§ **The task**
Copy the data below exactly, omitting any picture it contains.

§ **Information supplied**
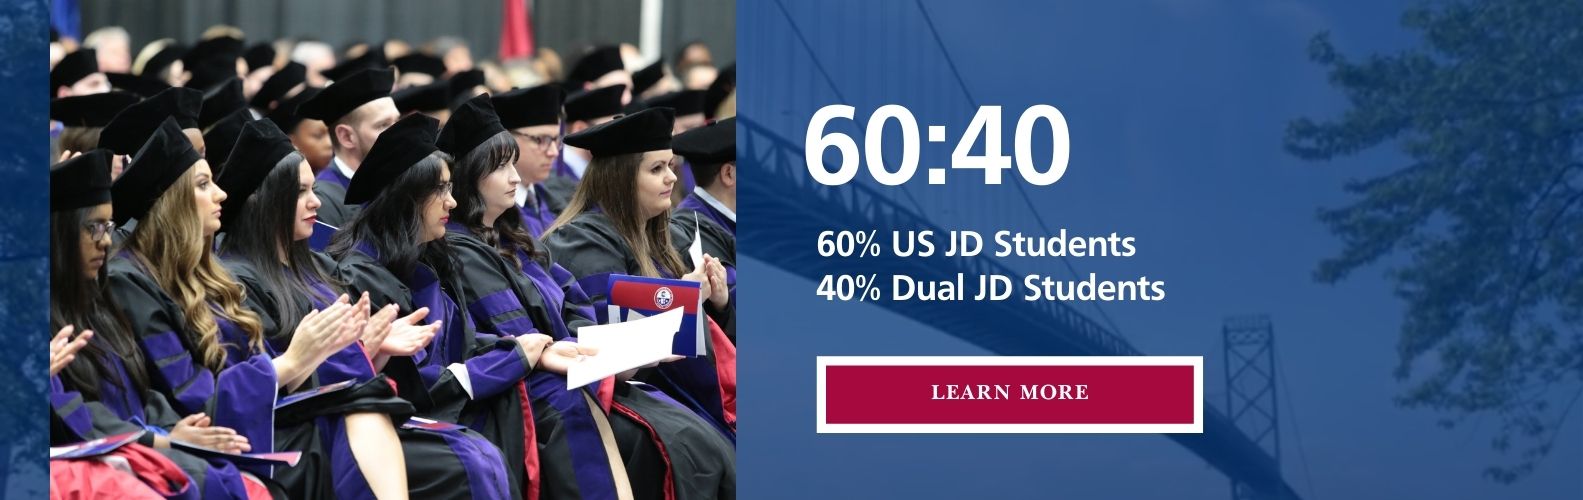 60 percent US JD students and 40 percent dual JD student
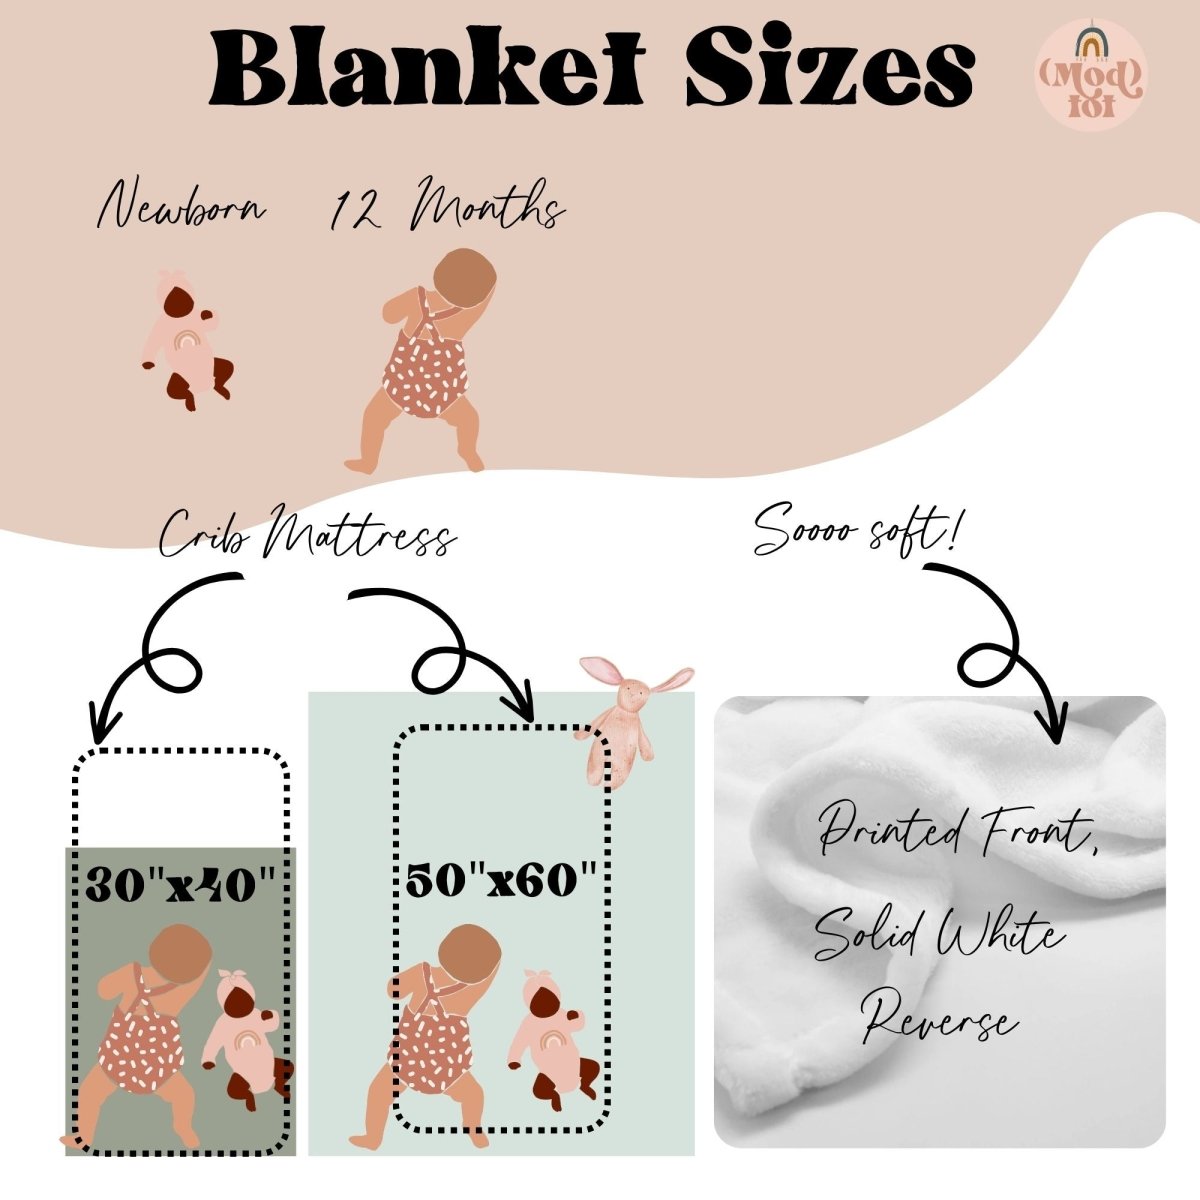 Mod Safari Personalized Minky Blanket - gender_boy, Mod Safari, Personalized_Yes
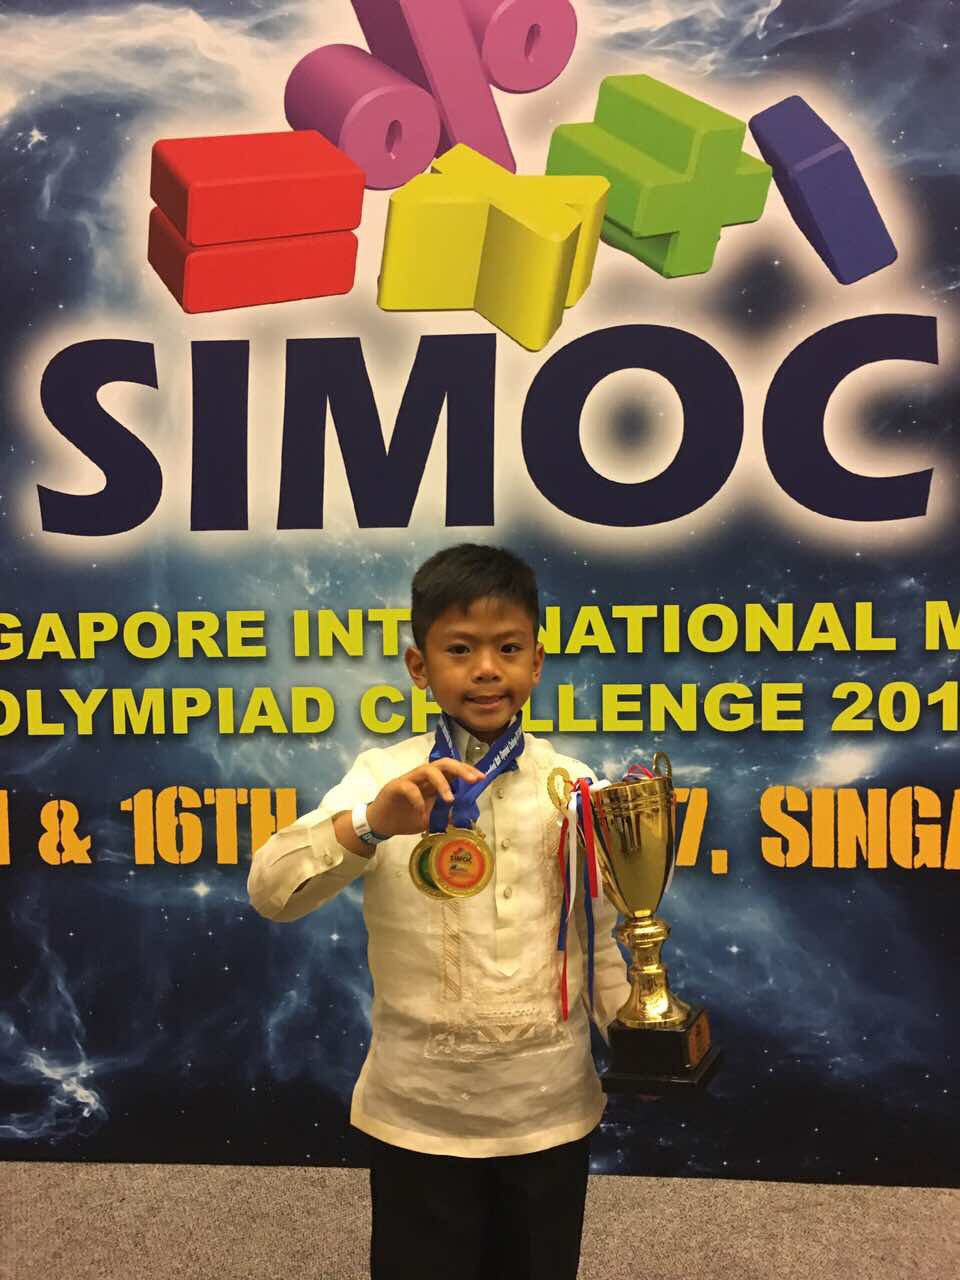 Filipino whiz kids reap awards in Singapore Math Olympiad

§ **Completed exercise**
 60 percent US JD students and 40 percent dual JD student
 Mod Safari Personalized Minky Blanket - gender_boy, Mod Safari, Personalized_Yes
 Filipino whiz kids reap awards in Singapore Math Olympiad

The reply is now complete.